Burn-in faces significant challenges in recent CMOS technologies. The self-generated heat of each IC in a burn-in environment contributes to larger currents that can lead to further increase in junction temperatures, possible thermal run away, and yield-loss of good parts. Calculations show that the junction temperature is increasing by 1.45X/generation. This paper estimates the increase in junction temperature with scaling and discusses the optimal burn-in temperature with scaling. Our research indicates that the burn-in temperature must also be reduced with technology scaling. The impact on commercial burn-in ovens is also described.

Impact of technology scaling on thermal behavior of leakage current in sub-quarter micron MOSFETs: perspective of low temperature current testing

The increase in the off-state current for sub-quarter micron CMOS technologies is making conventional IDDQ testing ineffective. Since natural process variation together with low-VTH devices can significantly increase the absolute leakage value and the variation, choosing a single threshold for IDDQ testing is impractical. One of the potential solutions is the cooling of the chip during current testing. In this paper we analyze the impact of CMOS technology scaling on the thermal behavior of different leakage current mechanisms in n-MOSFETs and estimate the effectiveness of low temperature IDDQ testing. We found that the conventional single threshold low temperature IDDQ testing is not effective for sub-quarter micron CMOS technologies and propose the low temperature DIDDQ test method. The difference between pass and fail current limits was estimated more than 200 £ for 0.13-mm CMOS technology. q 2002 Published by Elsevier Science Ltd.

Thermal runaway avoidance during burn-in

In deep sub-micron technologies, increased standby leakage current in high performance processors results in increased junction temperature. Elevated junction temperature causes further increase on the standby leakage current. The standby leakage current is expected to increase even more under the burn-in environment leading to still higher junction temperature and possibly the thermal runaway. In this paper we investigate the thermal management of high performance processors during burn-in.

Leakage Current in Sub-Quarter Micron MOSFET: A Perspective on Stressed Delta I DDQ Testing

The effectiveness of single threshold IDDQ measurement for defect detection is eroded owing to higher and more variable background leakage current in modern VLSIs. Delta IDDQ is identified as one alternative for deep submicron current measurements. Often delta IDDQ is coupled with voltage and thermal stress in order to accelerate the failure mechanisms. A major concern is the IDDQ limit setting under normal and stressed conditions. In this article, we investigate the impact of voltage and thermal stress on the background leakage. We calculate IDDQ limits for normal and stressed operating conditions of 0.18 μm n-MOSFETs using a device simulator. Intrinsic leakage current components of transistor are analyzed and the impact of technology scaling on effectiveness of stressed ΔIDDQ testing is also investigated.

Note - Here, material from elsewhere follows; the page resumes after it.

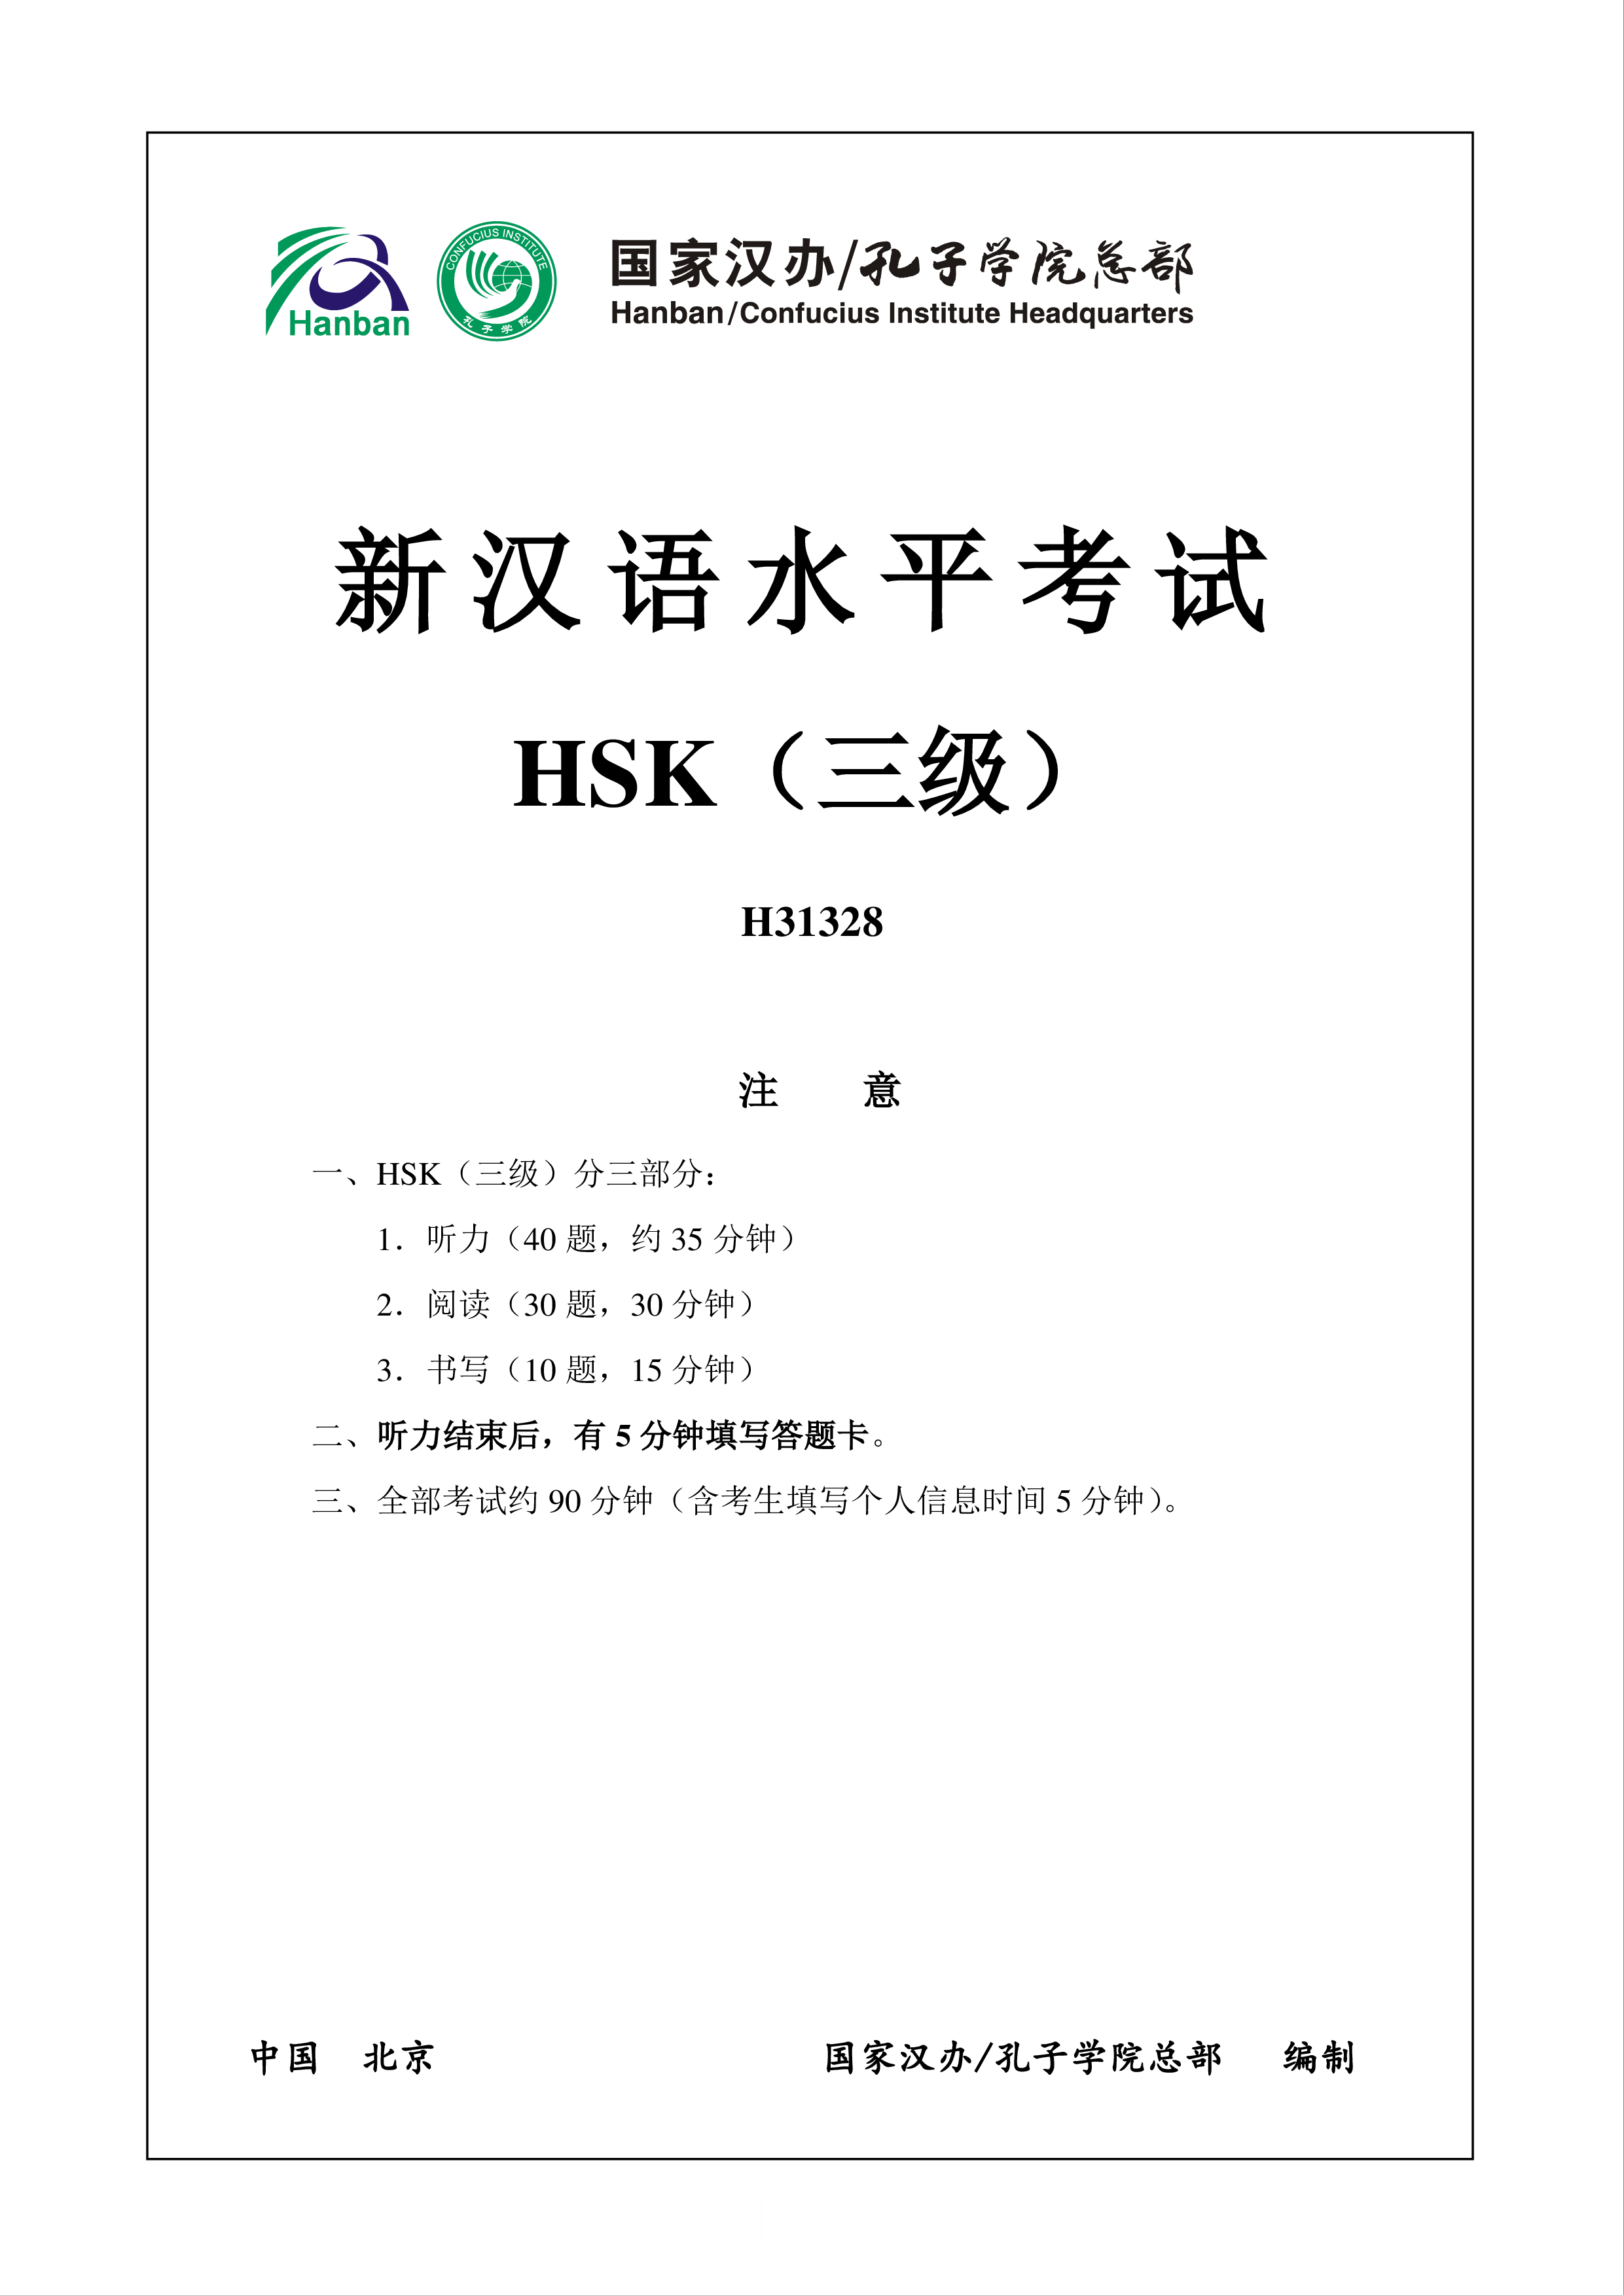 HSK3 H31328 Exam main image

Thermal management of high performance microprocessors in burn-in environment

In deep sub-micron CMOS technologies, increased standby current in high performance processors results in increased junction temperature. This elevated temperature has a positive feedback on the standby current. If the temperature is not controlled, it may lead to thermal runaway. In this paper we investigate the thermal management of high performance chips in the burn-in environment.

Design optimizations for microprocessors at low temperature

We investigate trade-offs in microprocessor frequency and system power achievable for low temperature operation in scaled high leakage technologies by combining refngeration with supply voltage selection, body bias, transistor sizing and shorter channel length. Reducing channel length provides better frequency and power improvement than forward body bias. When, the leakage power is more than 30% of chip power, combining refrigeration with enhancing technology by shorter channel length provides the best trade-off for power and frequency.